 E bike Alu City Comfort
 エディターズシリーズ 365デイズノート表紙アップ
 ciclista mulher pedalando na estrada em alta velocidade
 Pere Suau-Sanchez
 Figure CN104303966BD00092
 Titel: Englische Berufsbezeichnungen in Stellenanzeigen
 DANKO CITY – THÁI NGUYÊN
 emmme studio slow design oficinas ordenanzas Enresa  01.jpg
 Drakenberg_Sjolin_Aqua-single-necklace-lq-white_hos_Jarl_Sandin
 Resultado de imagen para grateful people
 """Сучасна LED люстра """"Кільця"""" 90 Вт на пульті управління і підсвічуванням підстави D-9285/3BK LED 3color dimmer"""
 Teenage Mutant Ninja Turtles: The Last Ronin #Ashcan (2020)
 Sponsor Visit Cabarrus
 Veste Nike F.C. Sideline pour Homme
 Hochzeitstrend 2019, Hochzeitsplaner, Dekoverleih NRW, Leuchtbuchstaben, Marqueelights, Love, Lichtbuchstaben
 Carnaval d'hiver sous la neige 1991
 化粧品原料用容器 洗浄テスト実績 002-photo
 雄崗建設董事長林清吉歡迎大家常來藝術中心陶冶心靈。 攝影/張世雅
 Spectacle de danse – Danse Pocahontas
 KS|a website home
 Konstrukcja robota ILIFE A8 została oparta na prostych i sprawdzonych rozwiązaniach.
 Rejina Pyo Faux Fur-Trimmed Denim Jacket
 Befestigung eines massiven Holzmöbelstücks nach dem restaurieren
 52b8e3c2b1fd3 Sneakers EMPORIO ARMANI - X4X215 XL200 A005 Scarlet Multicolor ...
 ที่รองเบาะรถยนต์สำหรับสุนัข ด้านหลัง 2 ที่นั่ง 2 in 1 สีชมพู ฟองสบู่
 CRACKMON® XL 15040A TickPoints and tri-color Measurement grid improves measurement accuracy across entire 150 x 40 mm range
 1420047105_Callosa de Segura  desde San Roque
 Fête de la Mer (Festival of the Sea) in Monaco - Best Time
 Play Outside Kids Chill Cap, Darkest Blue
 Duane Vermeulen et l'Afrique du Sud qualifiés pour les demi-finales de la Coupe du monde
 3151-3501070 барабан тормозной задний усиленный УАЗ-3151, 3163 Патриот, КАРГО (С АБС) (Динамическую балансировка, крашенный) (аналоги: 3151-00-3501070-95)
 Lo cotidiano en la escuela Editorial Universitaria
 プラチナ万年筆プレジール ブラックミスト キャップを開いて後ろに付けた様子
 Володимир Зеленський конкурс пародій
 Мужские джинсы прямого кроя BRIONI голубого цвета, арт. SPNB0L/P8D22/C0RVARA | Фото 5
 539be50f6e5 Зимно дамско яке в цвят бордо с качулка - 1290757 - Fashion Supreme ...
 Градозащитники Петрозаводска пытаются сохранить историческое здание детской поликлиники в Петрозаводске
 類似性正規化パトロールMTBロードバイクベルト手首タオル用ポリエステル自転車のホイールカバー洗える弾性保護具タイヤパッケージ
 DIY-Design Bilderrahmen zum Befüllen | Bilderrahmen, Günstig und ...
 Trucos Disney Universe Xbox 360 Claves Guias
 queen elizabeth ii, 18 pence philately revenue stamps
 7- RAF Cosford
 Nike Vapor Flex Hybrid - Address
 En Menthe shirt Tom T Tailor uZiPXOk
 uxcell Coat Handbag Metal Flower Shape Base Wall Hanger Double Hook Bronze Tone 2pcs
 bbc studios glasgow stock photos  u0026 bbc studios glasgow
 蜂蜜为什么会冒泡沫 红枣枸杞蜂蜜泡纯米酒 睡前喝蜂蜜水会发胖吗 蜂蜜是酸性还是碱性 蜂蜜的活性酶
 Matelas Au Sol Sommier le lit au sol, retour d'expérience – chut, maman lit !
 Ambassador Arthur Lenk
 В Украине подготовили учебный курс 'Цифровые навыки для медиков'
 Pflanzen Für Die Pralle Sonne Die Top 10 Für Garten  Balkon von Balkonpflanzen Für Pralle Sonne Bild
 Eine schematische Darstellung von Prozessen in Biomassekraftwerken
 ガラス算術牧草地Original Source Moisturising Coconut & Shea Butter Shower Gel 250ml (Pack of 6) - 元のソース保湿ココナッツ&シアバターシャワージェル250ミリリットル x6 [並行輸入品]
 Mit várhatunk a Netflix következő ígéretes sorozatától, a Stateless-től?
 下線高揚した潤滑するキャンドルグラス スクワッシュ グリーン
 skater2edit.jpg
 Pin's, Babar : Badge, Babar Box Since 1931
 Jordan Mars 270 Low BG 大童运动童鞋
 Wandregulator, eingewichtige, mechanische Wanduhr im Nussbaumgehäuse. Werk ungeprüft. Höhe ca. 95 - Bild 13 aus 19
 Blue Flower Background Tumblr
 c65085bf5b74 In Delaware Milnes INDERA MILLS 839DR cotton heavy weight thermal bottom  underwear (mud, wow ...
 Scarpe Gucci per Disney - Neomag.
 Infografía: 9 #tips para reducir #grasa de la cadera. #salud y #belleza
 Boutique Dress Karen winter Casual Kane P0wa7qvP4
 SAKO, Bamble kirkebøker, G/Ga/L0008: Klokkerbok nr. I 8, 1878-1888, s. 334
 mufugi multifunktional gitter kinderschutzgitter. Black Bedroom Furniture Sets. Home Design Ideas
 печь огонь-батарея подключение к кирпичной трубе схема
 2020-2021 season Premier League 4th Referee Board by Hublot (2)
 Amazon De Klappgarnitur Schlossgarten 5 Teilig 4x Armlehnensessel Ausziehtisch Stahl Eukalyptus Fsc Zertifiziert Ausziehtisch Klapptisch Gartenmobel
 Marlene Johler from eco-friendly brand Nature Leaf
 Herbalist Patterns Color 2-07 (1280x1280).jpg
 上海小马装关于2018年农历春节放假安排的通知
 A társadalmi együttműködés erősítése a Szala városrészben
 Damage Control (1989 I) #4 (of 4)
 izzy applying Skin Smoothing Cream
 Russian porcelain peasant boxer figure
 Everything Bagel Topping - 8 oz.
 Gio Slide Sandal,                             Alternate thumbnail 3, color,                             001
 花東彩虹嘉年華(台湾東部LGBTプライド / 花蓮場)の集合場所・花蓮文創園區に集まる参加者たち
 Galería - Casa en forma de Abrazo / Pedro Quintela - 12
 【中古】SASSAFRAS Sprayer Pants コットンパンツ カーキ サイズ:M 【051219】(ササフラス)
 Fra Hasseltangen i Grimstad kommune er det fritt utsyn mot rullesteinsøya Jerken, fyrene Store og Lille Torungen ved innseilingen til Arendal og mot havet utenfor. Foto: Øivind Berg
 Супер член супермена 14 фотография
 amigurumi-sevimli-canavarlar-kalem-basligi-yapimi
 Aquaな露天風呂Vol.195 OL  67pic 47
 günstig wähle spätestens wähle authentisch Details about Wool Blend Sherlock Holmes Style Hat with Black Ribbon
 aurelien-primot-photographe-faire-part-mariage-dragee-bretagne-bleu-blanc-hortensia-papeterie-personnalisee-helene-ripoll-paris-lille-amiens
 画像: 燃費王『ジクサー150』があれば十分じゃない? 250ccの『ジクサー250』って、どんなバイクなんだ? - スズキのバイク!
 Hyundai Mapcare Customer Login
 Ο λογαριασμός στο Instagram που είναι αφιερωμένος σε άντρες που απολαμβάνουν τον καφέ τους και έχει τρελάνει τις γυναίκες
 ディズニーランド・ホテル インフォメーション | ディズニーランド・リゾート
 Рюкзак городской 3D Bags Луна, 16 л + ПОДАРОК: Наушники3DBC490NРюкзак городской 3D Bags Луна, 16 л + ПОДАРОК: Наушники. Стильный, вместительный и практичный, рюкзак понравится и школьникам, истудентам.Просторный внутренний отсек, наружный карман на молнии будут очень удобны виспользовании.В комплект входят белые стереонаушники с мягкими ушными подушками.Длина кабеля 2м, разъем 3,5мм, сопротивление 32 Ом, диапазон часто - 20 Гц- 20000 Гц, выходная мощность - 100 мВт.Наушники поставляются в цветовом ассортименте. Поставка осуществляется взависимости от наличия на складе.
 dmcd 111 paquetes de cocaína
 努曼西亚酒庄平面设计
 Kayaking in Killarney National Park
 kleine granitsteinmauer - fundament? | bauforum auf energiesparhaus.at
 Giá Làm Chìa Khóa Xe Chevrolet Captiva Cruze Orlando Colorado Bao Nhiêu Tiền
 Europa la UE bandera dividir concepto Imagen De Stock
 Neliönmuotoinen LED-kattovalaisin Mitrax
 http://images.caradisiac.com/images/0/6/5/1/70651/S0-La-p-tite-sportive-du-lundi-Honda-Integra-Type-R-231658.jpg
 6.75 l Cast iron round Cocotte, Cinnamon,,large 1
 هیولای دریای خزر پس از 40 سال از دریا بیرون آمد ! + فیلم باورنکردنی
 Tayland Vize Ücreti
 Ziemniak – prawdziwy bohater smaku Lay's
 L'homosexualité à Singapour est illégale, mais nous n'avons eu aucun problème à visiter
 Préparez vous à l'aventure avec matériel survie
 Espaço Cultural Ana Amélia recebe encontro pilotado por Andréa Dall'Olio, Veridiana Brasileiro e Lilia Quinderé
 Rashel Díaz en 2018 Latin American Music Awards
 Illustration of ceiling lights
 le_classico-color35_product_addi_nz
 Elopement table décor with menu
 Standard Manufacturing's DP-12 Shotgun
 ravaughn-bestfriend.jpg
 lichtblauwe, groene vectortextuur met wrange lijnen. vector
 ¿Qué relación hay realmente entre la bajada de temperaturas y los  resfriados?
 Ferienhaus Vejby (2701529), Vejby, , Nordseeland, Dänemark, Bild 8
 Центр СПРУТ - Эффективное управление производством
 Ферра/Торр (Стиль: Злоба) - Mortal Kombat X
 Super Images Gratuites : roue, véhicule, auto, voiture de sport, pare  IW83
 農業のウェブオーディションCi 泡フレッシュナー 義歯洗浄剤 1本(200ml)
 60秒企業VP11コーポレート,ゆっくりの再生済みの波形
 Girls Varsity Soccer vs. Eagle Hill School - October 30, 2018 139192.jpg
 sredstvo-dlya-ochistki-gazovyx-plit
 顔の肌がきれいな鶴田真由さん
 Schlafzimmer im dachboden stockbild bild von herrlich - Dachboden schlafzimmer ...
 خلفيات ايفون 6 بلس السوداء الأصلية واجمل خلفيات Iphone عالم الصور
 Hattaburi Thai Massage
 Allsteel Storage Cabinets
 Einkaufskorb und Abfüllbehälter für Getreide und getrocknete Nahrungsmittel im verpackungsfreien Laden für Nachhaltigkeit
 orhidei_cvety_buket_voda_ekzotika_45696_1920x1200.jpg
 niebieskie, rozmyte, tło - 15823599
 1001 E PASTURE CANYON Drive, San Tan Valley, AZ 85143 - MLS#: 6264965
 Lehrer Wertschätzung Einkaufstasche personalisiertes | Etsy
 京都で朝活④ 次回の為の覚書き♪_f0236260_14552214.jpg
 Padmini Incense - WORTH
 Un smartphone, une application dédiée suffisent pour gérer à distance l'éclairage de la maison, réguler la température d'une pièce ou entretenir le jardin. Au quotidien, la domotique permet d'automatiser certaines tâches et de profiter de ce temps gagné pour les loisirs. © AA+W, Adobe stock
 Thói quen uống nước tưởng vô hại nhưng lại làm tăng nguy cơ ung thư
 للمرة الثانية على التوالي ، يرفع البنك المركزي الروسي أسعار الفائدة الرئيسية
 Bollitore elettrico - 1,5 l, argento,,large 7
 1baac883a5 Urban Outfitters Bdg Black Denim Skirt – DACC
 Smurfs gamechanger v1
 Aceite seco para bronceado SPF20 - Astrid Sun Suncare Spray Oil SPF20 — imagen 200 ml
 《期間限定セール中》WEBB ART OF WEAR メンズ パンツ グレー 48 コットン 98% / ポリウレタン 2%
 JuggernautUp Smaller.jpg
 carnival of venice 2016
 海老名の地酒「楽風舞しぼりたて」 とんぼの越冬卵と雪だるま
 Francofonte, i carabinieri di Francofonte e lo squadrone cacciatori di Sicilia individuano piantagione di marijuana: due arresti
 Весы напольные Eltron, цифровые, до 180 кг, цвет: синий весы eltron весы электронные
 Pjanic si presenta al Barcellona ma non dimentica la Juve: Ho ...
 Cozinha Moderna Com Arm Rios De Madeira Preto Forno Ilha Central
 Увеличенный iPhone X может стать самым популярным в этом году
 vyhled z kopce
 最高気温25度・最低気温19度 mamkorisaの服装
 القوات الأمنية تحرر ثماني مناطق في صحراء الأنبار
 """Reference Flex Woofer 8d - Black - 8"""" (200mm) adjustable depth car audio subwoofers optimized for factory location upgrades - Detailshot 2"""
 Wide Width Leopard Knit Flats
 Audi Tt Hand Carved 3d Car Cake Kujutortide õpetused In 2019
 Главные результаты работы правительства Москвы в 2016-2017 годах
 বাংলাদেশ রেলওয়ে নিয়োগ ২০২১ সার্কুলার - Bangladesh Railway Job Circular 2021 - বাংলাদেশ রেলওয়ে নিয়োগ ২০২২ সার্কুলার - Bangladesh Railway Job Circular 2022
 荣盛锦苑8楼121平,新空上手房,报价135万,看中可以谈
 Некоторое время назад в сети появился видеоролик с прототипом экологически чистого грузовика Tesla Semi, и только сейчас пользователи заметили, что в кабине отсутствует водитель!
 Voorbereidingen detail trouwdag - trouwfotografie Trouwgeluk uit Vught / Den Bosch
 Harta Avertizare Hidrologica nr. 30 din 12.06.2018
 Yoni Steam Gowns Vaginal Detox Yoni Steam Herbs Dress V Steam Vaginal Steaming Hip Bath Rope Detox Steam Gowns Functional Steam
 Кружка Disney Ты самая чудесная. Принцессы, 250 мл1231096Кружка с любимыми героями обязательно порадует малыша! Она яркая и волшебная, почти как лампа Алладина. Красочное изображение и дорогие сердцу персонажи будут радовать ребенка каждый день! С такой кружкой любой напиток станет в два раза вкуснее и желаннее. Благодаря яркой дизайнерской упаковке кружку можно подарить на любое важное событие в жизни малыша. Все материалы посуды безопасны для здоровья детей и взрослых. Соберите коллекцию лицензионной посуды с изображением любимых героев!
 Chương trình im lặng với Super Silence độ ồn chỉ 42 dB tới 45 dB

WORK TASK :: Could you copy every line in the records that holds "Blue"?

RESULT OF THIS EXERCISE ::
 Play Outside Kids Chill Cap, Darkest Blue
 Blue Flower Background Tumblr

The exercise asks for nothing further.